Так Кенсу сдался, но только после того, как приказал Чонину, — Отныне называй меня хеном. Ты настолько бестактный, что это нелепо.

 

 

Чонин небрежно засмеялся, испуская дым, словно сверкающее облако над головой, и широко открыв рот от ликования. Кенсу пододвинул стул к ближайшей стенке, забрался на него, чуть пошатываясь, и раскрыл первую пачку и провел большим пальцем по бумажным краям. Стена тепло нагрелась от солнечного света, и голос Чонина прозвучал как утешающее мурлыканье за его спиной, туман из нескольких незначительных слов, дрейфующих над задумчивой гримасой.

 

 

— Ты когда-нибудь задумывался над тем-сколько десятков часов ты провел, делая ту же самую работу, с тем же самым пистолетным клеем и ведром мраморных глаз и игрушек, вчера, позавчера, поза-позавчера и вообще? Сколько раз ты садился за свой пустой обеденный стол и задумывался, вспомнишь ли ты завтра сегодняшний день?

 

 

Со временем Кенсу стал замечать, что Чонин не совсем задавал вопросы. Он отвечал на них. Заполняя следы, которые Кенсу оставил позади. Нежно и чарующе, с резкими согласными в конце слов и растягиваемыми до бесконечности гласными. Взгляд устремился далеко-далеко прочь, потерявшись где-то в Кенсу, пока Кенсу освещал его стены пыланием золотого пожара.

 

 

— Тебе никогда не казалось, что ты не можешь запомнить только потому, что тебе нечего запоминать? Если ты делаешь те же самые вещи каждый божий день недели, каждую неделю в месяце, все двенадцать месяцев в году, разве память не потеряет свое предназначение? Что ты думаешь случится, если ты начнешь выбираться из рутины?

 

 

Так они провели всю ночь. Кенсу не пошел в бар, и он не пел, просто прислушивался к шепоту Чонина и к пергаментному шороху под кожей его пальцев, к ударам его пульса, просачивающемуся в невидимые трещины белоснежной комнаты.
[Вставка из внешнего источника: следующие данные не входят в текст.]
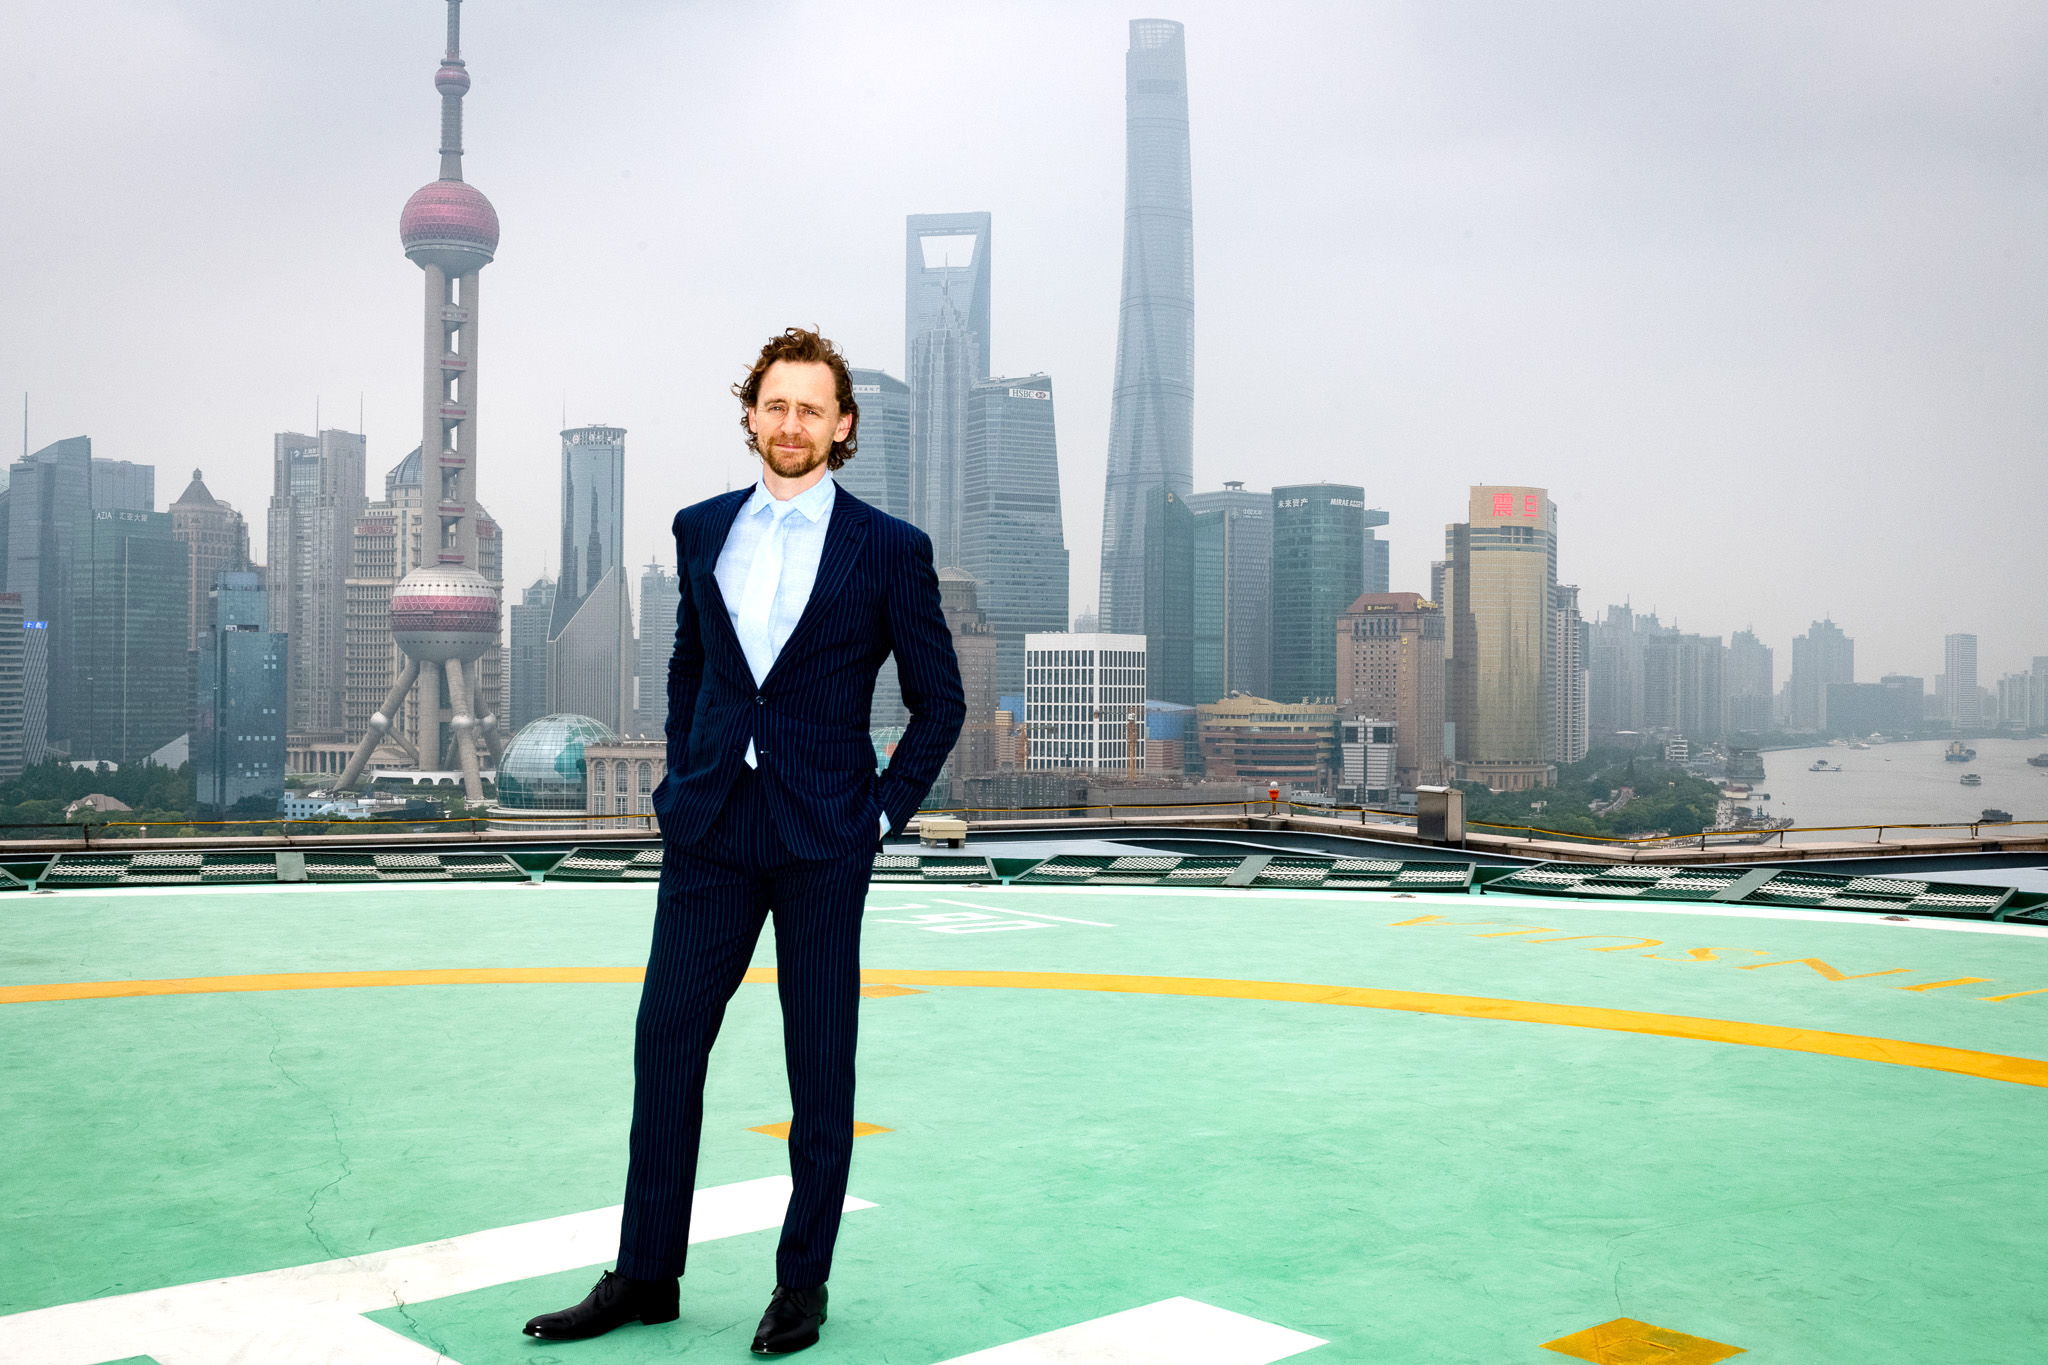 El actor Tom Hiddleston en el rooftop de The Peninsula Shanghai. Foto cortesía de BAFTA Grainne Quinlan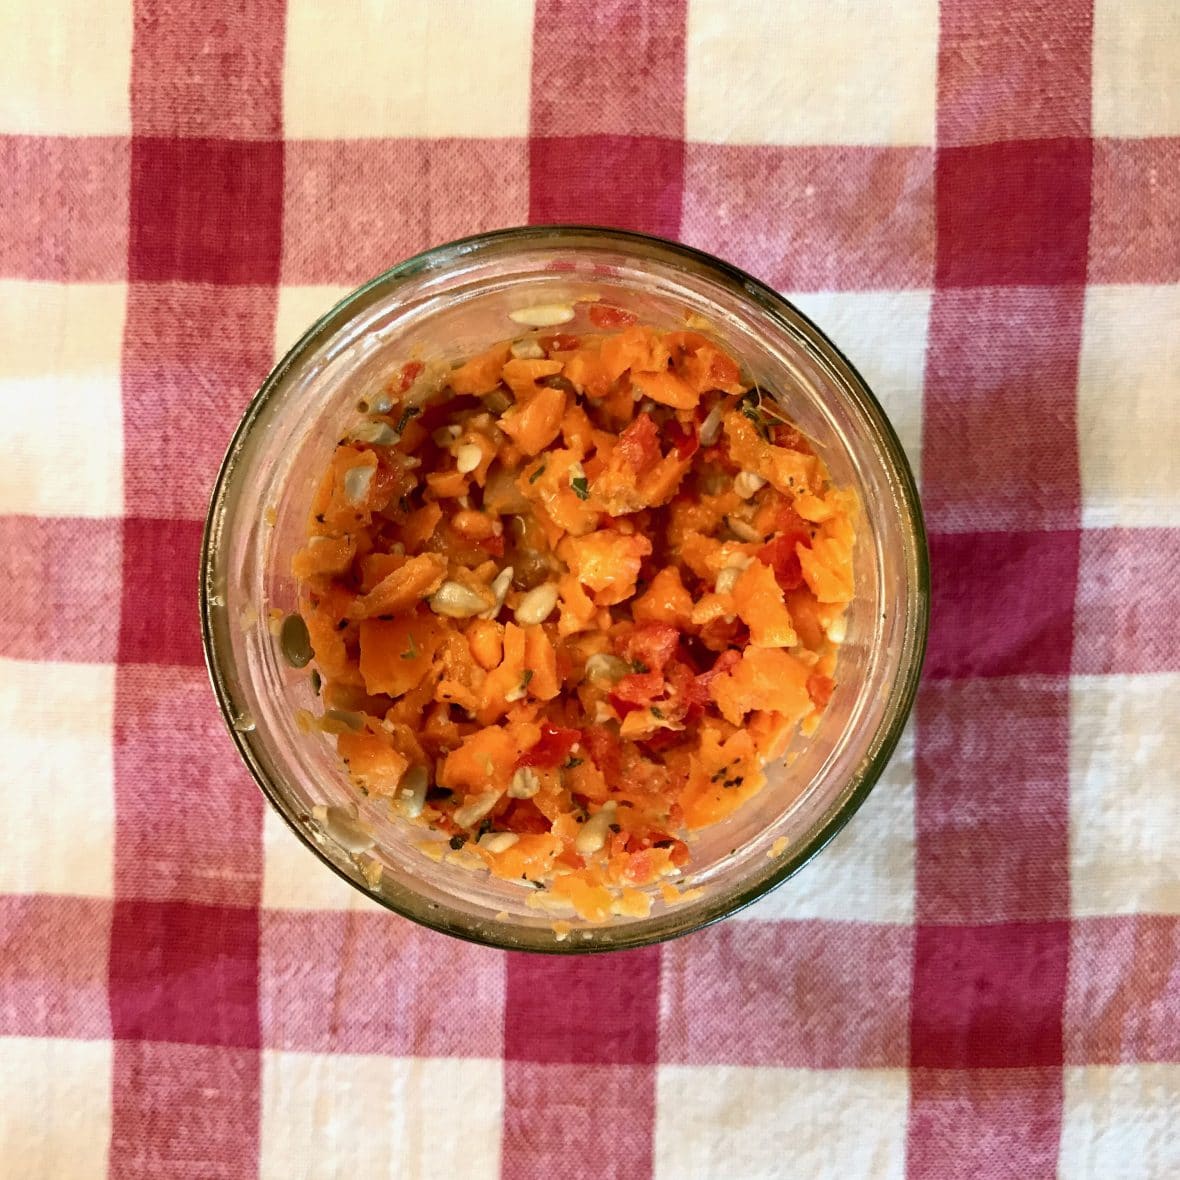 Rohköstlicher Möhren-Paprika-Mandarinen-Salat aus dem Thermomix mit ätherischen Ölen in einem kleinem Glas für das Buffett.

Он позволил Чонину вытащить его из рутины, и этот процесс был почти чересчур легким.

 

 

В какой-то момент Кенсу закончил с бумажками, а Чонин со своими вопросами. Они разместились на своих старых местах на диване и на кресле, наслаждаясь сумерками, и в этот миг между ними зародилась мелодия. Она росла, неясная и легкая, начинаясь с конца и заканчиваясь в начале, и она создавала невидимую нить, тянущуюся от языка Кенсу к кончикам пальцев Чонина, приподнимая их, словно марионетку над его коленками.

 

 

Отправляясь ко сну, Кенсу лепил мелодичные строки, ля-бемоль, си-диез-минор, Чонин, смотри твои руки танцуют, Чонин, ты мне очень нравишься; Чонин определил размер такта, четыре четверти, три четверти, хен, счастлив ли ты, хен, запечатли меня в своем времени.

 

 

Последний вопрос Чонина был мягким, он пробормотал его, как только Кенсу закрыл глаза, — Сколько раз ты пренебрегал чем-то действительно важным?

 

 

 

 

Июль — самый жестокий месяц, и его последний день самый горький.

 

 

— Эти люди, — сказал Кенсу, и сегодня он чувствовал себя измученным. Его кости болезненно ныли, а его ребра упирались в легкие, и он не мог дышать, и все болело, крутило, болело, крутило. — Эти люди пропали. Они все пропали.

 

 

Чонин продолжал смотреть. Кенсу дрожал и хватался за свой альбом как за жизнь, сжимая бумагу под своими ногтями, и, может, ему хотелось все разорвать. Может, он вовсе не хотел вспоминать. Возможно, он мог бы попасть в еще одну аварию и избавиться от тех воспоминаний, что у него остались.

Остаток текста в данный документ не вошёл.